Elsevier

Atherosclerosis

Volume 191, Issue 1, March 2007, Pages 162-167
Atherosclerosis

Eicosapentaenoic acid reduces the progression of carotid intima-media thickness in patients with type 2 diabetes

https://doi.org/10.1016/j.atherosclerosis.2006.03.005Get rights and content

Abstract

To investigate the effect of highly purified eicosapentaenoic acid (EPA) on the progression of diabetic macroangiopathy, we performed an open-label randomized prospective trial. A total of 81 Japanese type 2 diabetes were randomly assigned to the EPA (1800 mg/day) treated group or the control group. Carotid intima-media thickness (IMT) and brachial-ankle pulse wave velocity (baPWV) were evaluated before and after treatment in both groups. Sixty patients (EPA group, n = 30; control group, n = 30) completed this study. During the study period of 2.1 ± 0.2 years, the mean IMT and max IMT of the EPA treated group showed a significant annual decrease compared with that of the control group (mean IMT, −0.029 ± 0.112 mm versus 0.016 ± 0.109 mm, respectively, P = 0.029; max IMT, −0.084 ± 0.113 mm versus −0.005 ± 0.108 mm, respectively, P = 0.0008). The baPWV was also improved significantly in the EPA treated group compared with the control group (−22.1 ± 127.9 cm/s versus 62.3 ± 223 cm/s, respectively, P = 0.021).
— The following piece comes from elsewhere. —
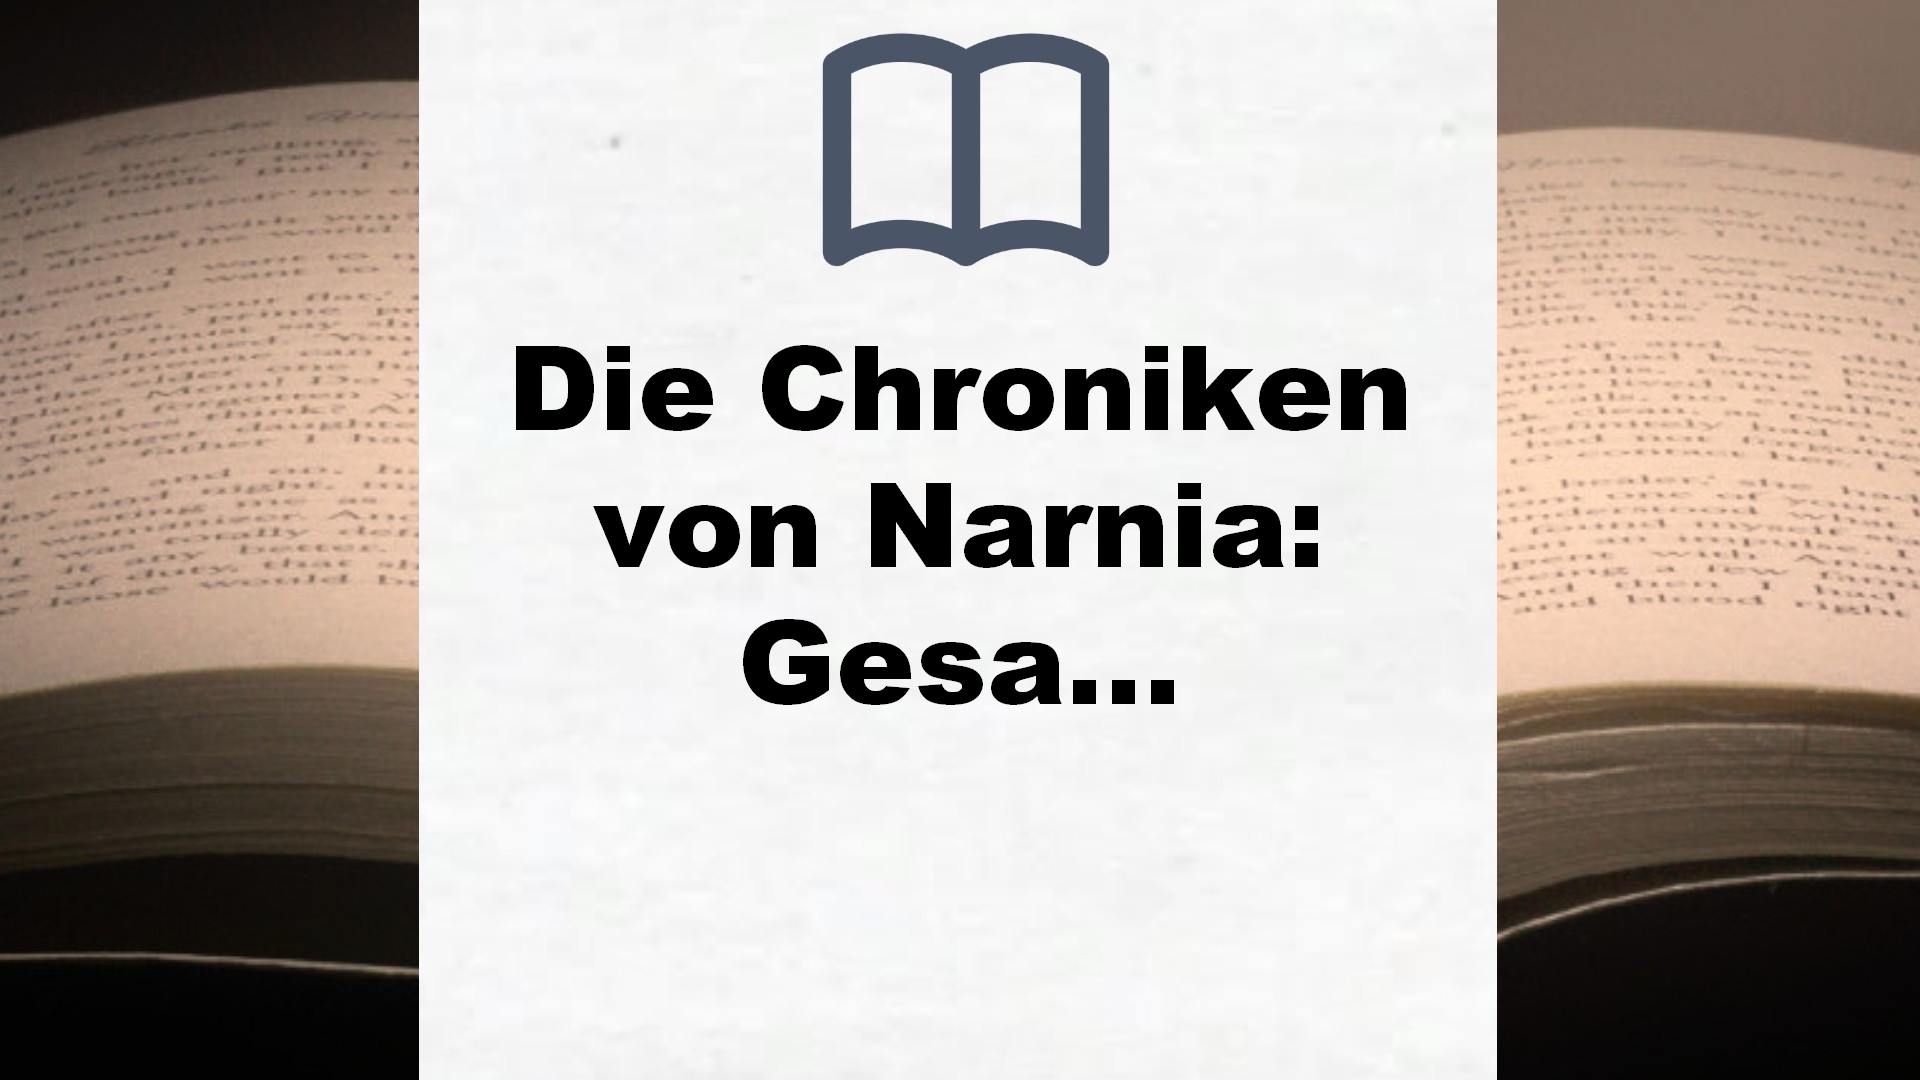 Die Chroniken von Narnia: Gesamtausgabe im Schuber TB – Buchrezension

Multiple regression analysis showed that the administration of EPA was a significant and independent factor associated with an annual improvement of mean IMT (R2 = 0.067). In summary, this is the first demonstration that administration of purified EPA improves the carotid IMT and the baPWV in patients with type 2 diabetes.

Introduction

Patients with type 2 diabetes have a high risk of developing cardiovascular disease which is also the most frequent cause of death in these patients [1]. Because hyperglycemia is the most typical abnormality observed in type 2 diabetes, normalization of the blood glucose level was assumed to be an efficient therapy for preventing all of the complications of type 2 diabetes. Certainly, the UK Prospective Diabetes Study (UKPDS) 35 identified a positive association between the mean HbA1C value and ischemic heart disease. However, the relationship between diabetic macroangiopathy and HbA1C was weaker than that observed for microangiopathy [2]. In addition, UKPDS 33 showed that intensive treatment leading to a decrease of HbA1C by ∼1% significantly reduces the risk of microangiopathy, but fails to reduce the risk of macroangiopathy [3]. Such results have led to investigators targeting more effective therapies for prevention of the progression of atherosclerosis in type 2 diabetes.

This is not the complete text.